Comment 2 Max Neunhöffer 2020-01-06 13:48:32 UTC
Created attachment 286655 [details]
Kernel configuration of Stock 5.4 kernel which shows the behaviour
Comment 3 Max Neunhöffer 2020-01-28 09:09:41 UTC
Dear All,

I have exchanged emails with Chris Kohlhoff who uses this functionality in `boost::asio`. He has kindly provided a patched version of the program which displays the buggy behaviour. The patched version uses `eventfd` and `epoll_wait` in a way which "some would consider a more traditional use". This time, the
flag `EPOLLONESHOT` is used and the `eventfd` is explicitly rearmed by a
`epoll_ctl` call with `EPOLL_CTL_MOD` as suggested in the `epoll_ctl` manpage.
Furthermore, the flag `EFD_SEMAPHORE` is used for the event fd.
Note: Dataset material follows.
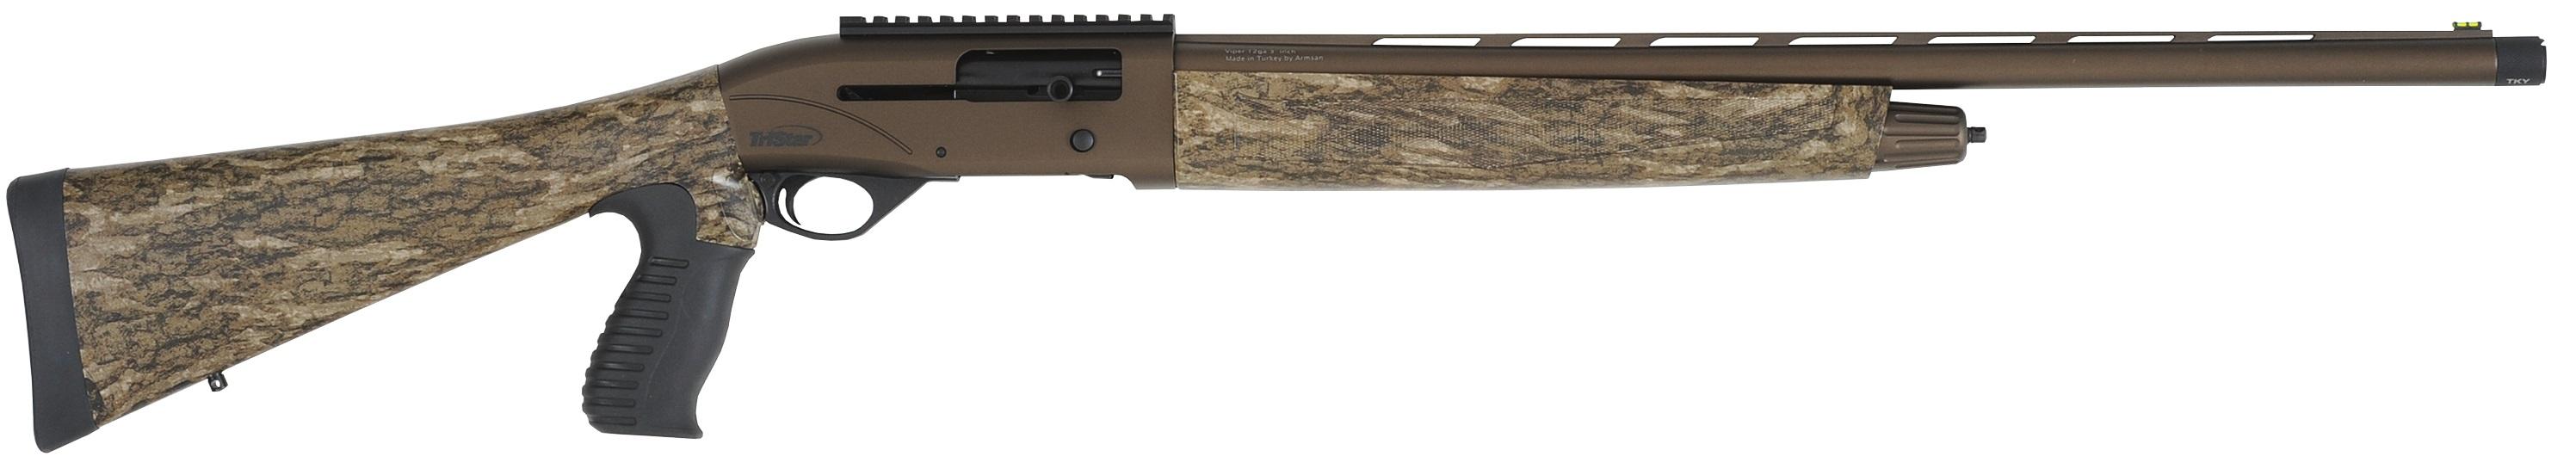 TriStar Sporting Arms Viper G2 Turkey 12 Gauge

I would imagine that other projects than `boost::asio` would follow similar usage patterns like this one and might therefore also suffer from lost wakeup events.
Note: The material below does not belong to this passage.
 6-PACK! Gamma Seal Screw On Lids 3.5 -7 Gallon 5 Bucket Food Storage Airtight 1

Furthermore, Chris has reproduced the problem on a 5.4 kernel.

I attach the patched program.

Any comment or help with this would be really appreciated.

Cheers,
  Max.
Comment 4 Max Neunhöffer 2020-01-28 09:10:32 UTC
Created attachment 287007 [details]
Another program showing a variant of the buggy behaviour.
Comment 5 Max Neunhöffer 2020-02-03 14:34:12 UTC
I did a git bisect and have tracked down the bug to this commit:

https://github.com/torvalds/linux/commit/a218cc4914209ac14476cb32769b31a556355b22
Comment 6 Max Neunhöffer 2020-02-03 14:56:32 UTC
The latest kernel at https://github.com/torvalds/linux still shows the problem.
Note furthermore that the problem does not occur if the VM to run the kernel has only one CPU. With 4 CPUs I could reproduce.
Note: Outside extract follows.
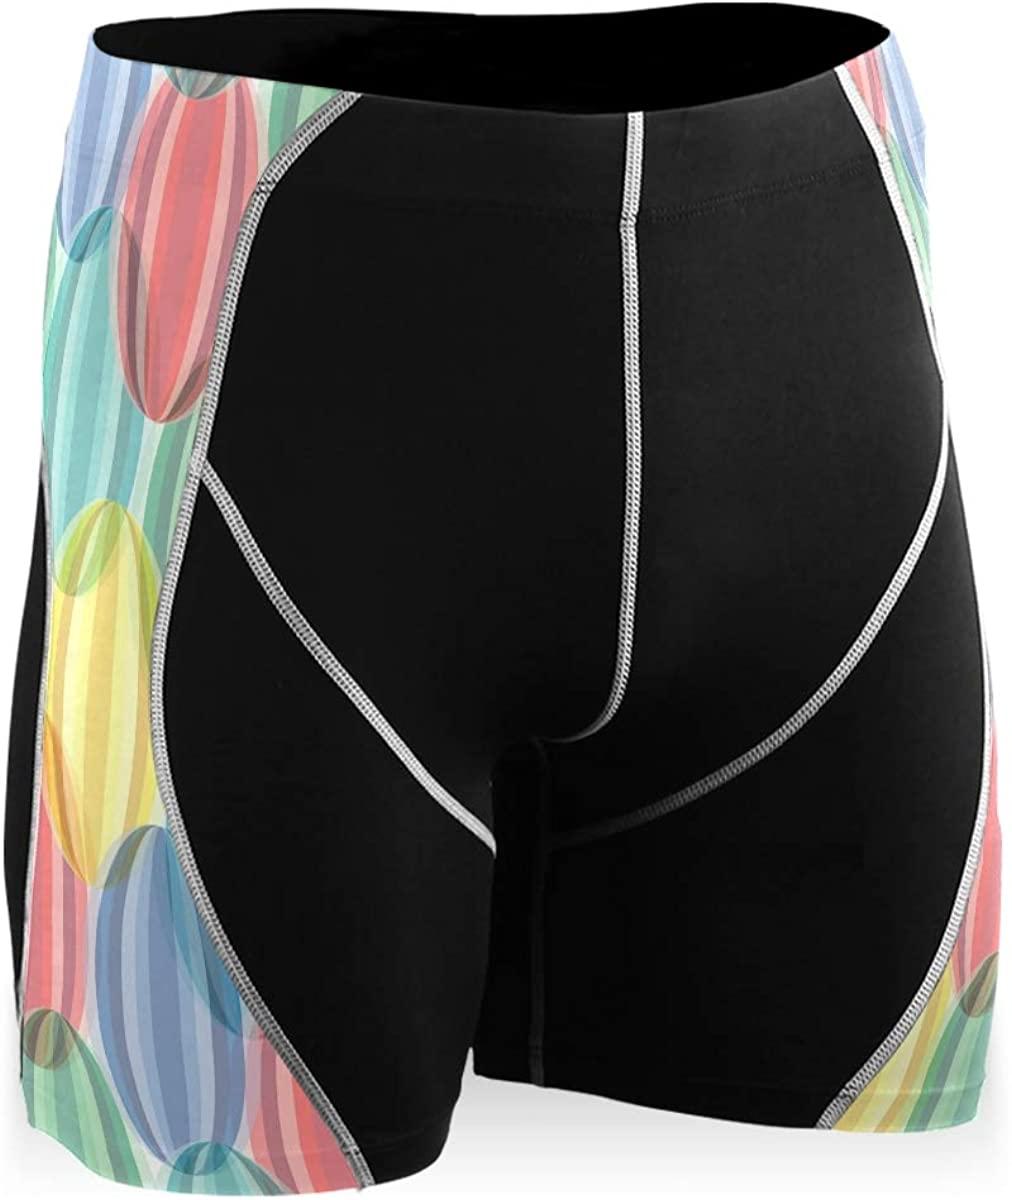 Ladninag Retro Cartoon Cute Chic Watermelon Men's Compression Shorts Running Yoga Cool Dry Baselayer Youth

Below I will post the kernel configs I used to compile the two commits

  a218cc4914209ac14476cb32769b31a556355b22 (bad)
  c3e320b61581ef7919269ca242ff13951ccfc763 (good)

Cheers,
  Max.
Comment 7 Max Neunhöffer 2020-02-03 14:57:38 UTC
Created attachment 287089 [details]
Kernel config for commit a218cc4914209ac14476cb32769b31a556355b22 to see the problem.

Kernel config for commit a218cc4914209ac14476cb32769b31a556355b22 to see the problem.
Comment 8 Max Neunhöffer 2020-02-03 14:58:20 UTC
Created attachment 287091 [details]
Kernel config for commit c3e320b61581ef7919269ca242ff13951ccfc763 to see the problem not yet there.
Comment 9 Max Neunhöffer 2020-02-03 14:58:58 UTC
Christopher Kohlhoff has produced another program to show that the bug also shows up with level triggered eventfds. I attach the program.

  Max.
Comment 10 Max Neunhöffer 2020-02-03 14:59:28 UTC
Created attachment 287093 [details]
Example program for bug with level triggered events.
Comment 11 Max Neunhöffer 2020-02-26 12:13:58 UTC
For info: This has in the meantime been discussed and fixed on the netdev mailing list, see 

  https://lore.kernel.org/netdev/d4d188512ea84f243310dd9464922a82@suse.de/

 Cheers, Max
Comment 12 Breno Leitao 2020-03-12 16:05:46 UTC
I understand that this bug is still not fixed upstream (5.6-rc5), is this right?